I say this because millions of Europeans with settled status are now becoming eligible to apply for British citizenship, and they should be encouraged. The absorption of this large number of new citizens will be an extraordinary event in the life of our country. We should celebrate it as it will show, once again, the strength and enduring appeal of the United Kingdom. A key strength is that, as a multinational state, we are a polity defined by pluralism. We do not feel threatened by multiple, complex identities.

It is true that some regard multinationalism as a vulnerability. A number of multinational states in European history have failed, but I congratulate the report of your Lordships’ committee on, among other things, challenging the idea that there is some inevitable law of historical destiny that the union is up against. This does not mean that we should be complacent, but it does mean defending the union—all its constituent parts included—without accepting the premise of those who want to see its demise. The idea of a union of peoples across different islands, built on common purpose and founded on laws, may be old but it is certainly not outdated. On the contrary, this idea of statehood is better suited to modern values and identities than the alternatives being proposed.

On constitutional reform, there is no abstract model that can give the answers we need. As the report suggests, solutions must continue to be found in specific and practical proposals, subject to two caveats. First, like the report’s authors, I believe that this is no time for more transactional solutions or—as the noble Baroness, Lady Taylor, pointed out—quick fixes, but rather for an approach that is constitutionally more coherent and principled. The second caveat is that we should not, whether by accident or design, move towards some weak association of separate entities which are slowly drifting apart from one another. We should not dilute the union into a loose confederal arrangement. That would, I fear, jeopardise its future.

If the United Kingdom were to dissolve, we would all be diminished—not just in these islands but across the European continent. There are probably no political certainties in European history, but the stability, reassurance and moral leadership provided by the United Kingdom to people across Europe in times of conflict and turmoil comes closest to one. The war in Ukraine has shown this once again.
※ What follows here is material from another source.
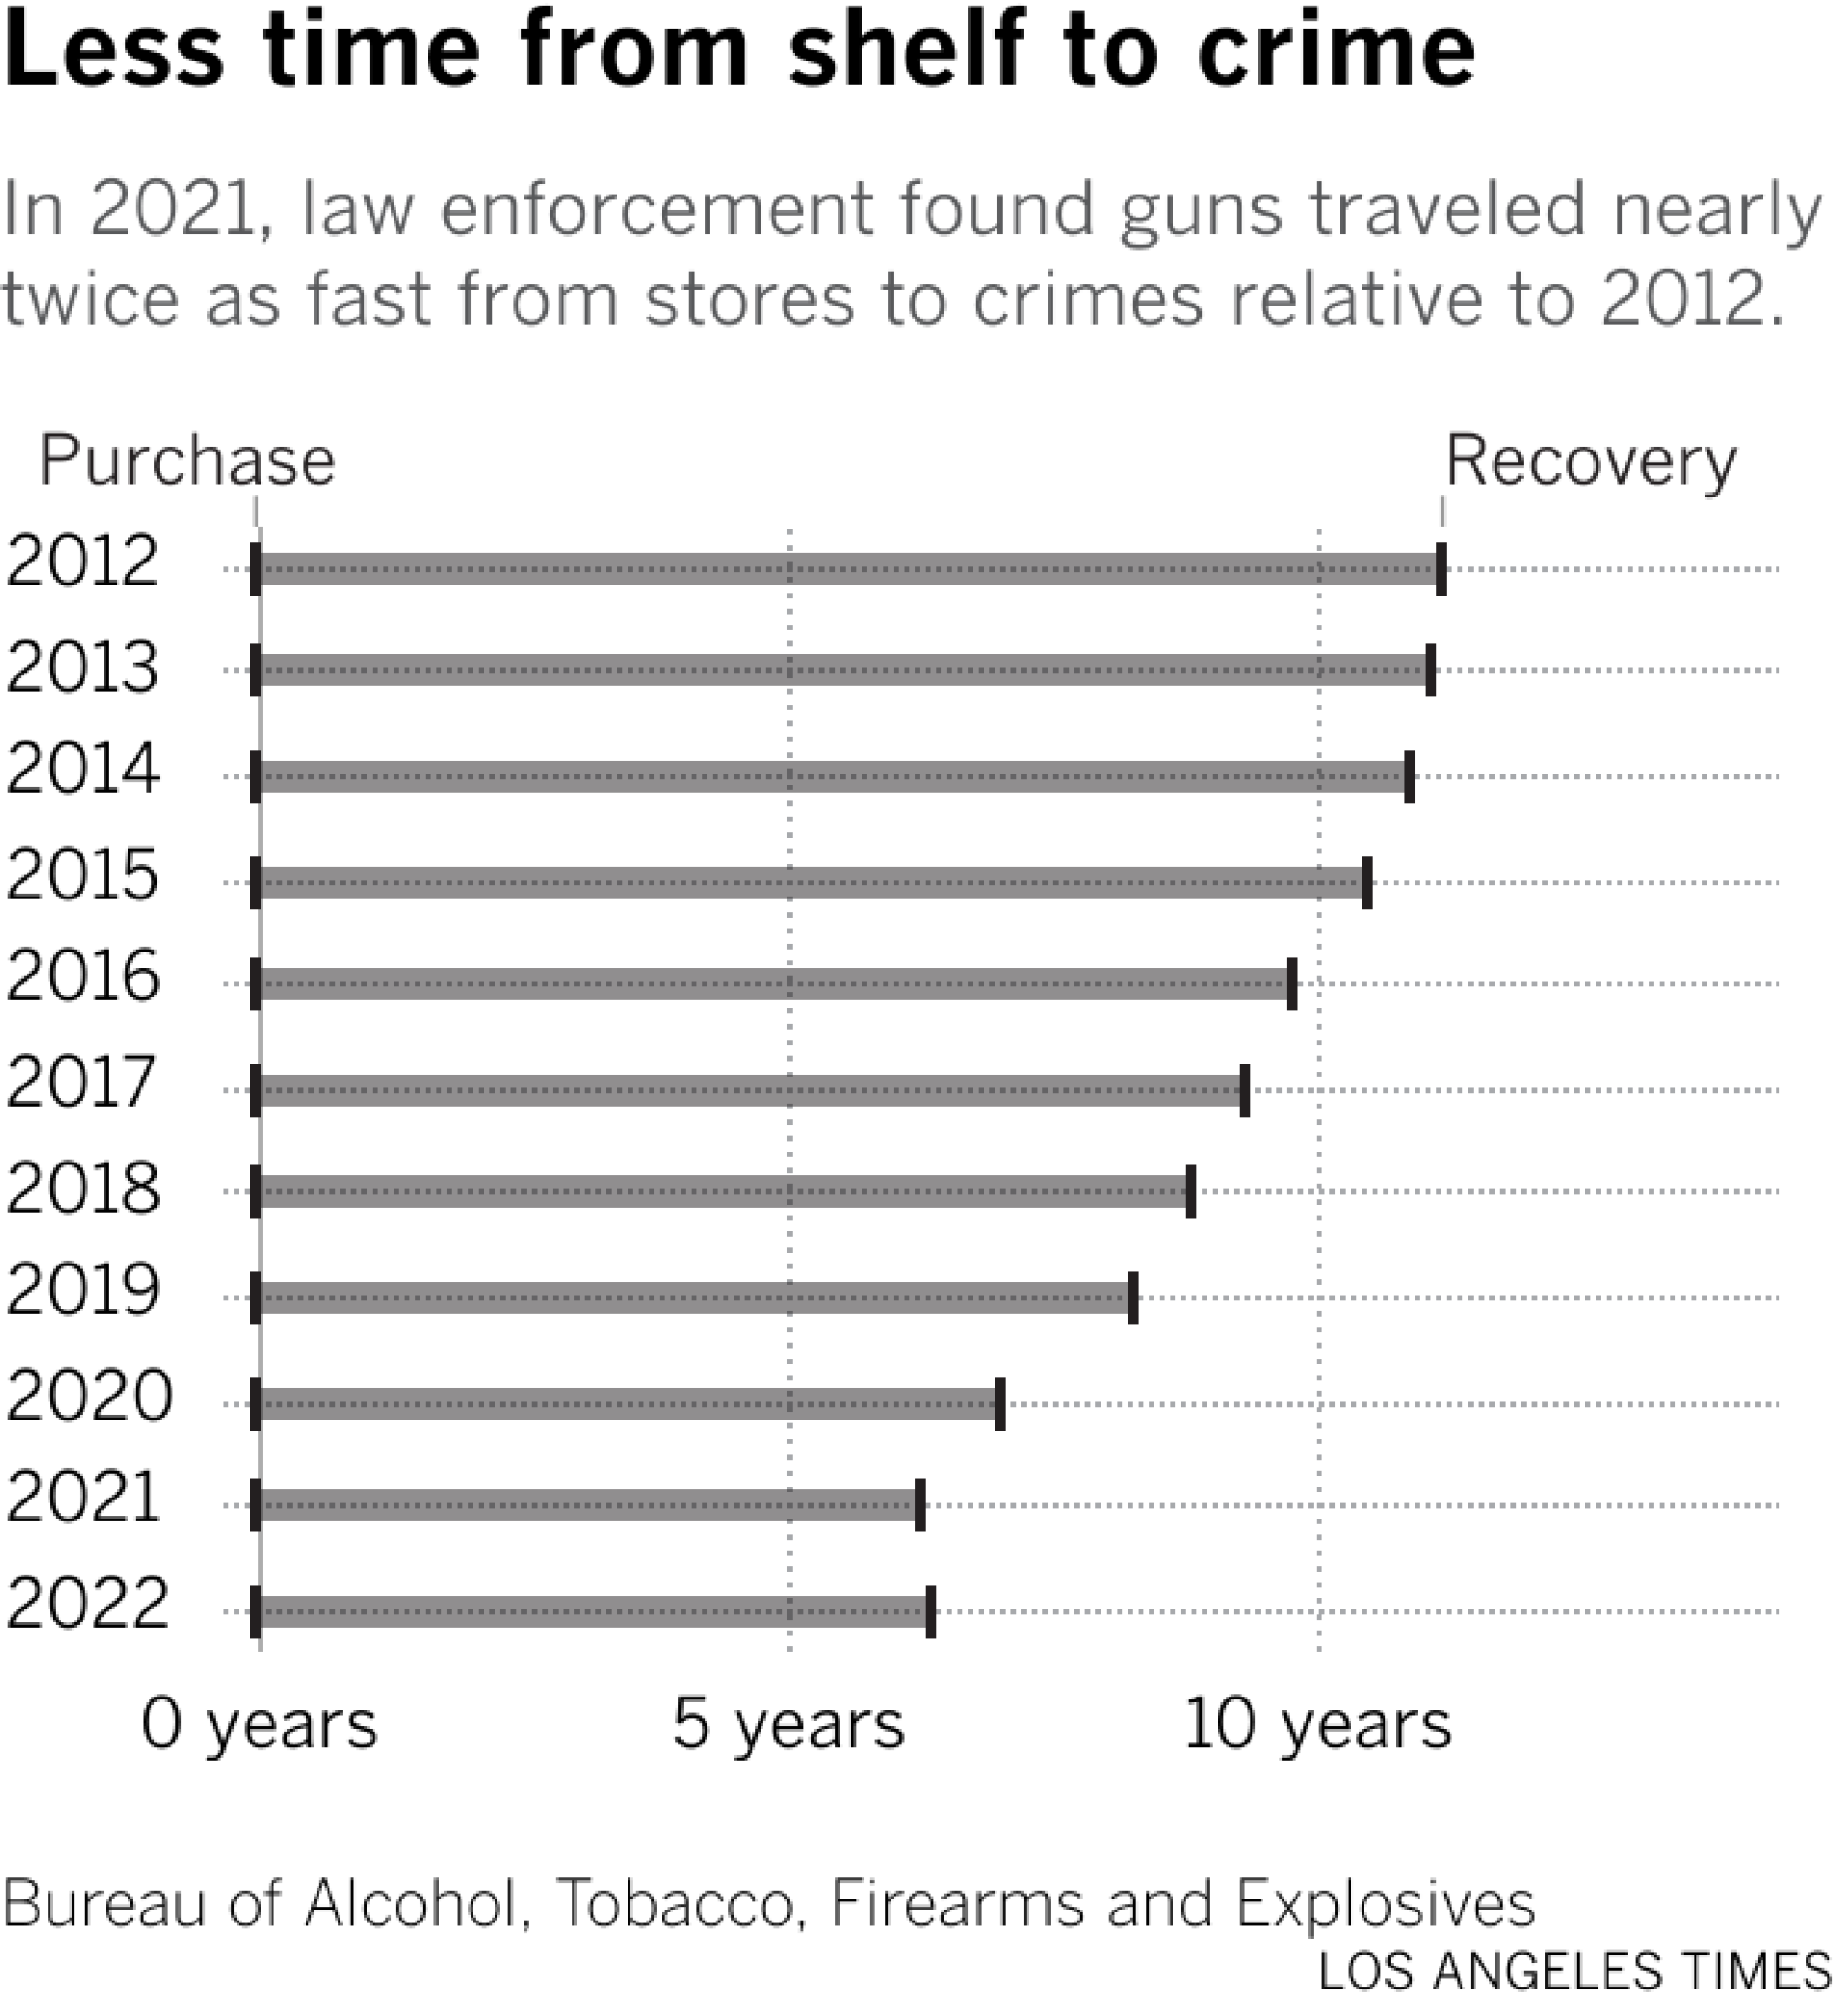 Range plot showing the national average time from a gun's purchase to its recovery by law enforcement in years from 2012 through 2021. In 2012, the average time was 11 years. By 2021, it fell to 6.

I am optimistic about the future of the union. I have confidence in the resilience of our institutions and in their ability to continue to bind us together, but we need to hone our constitutional sensibility. To be sustainable, constitutional reforms require thoughtful argument and broad support. Your Lordships’ House plays a vital role in promoting both. It is the greatest privilege to have joined your Lordships as a Member of this House and I look forward to contributing to its work as best I can.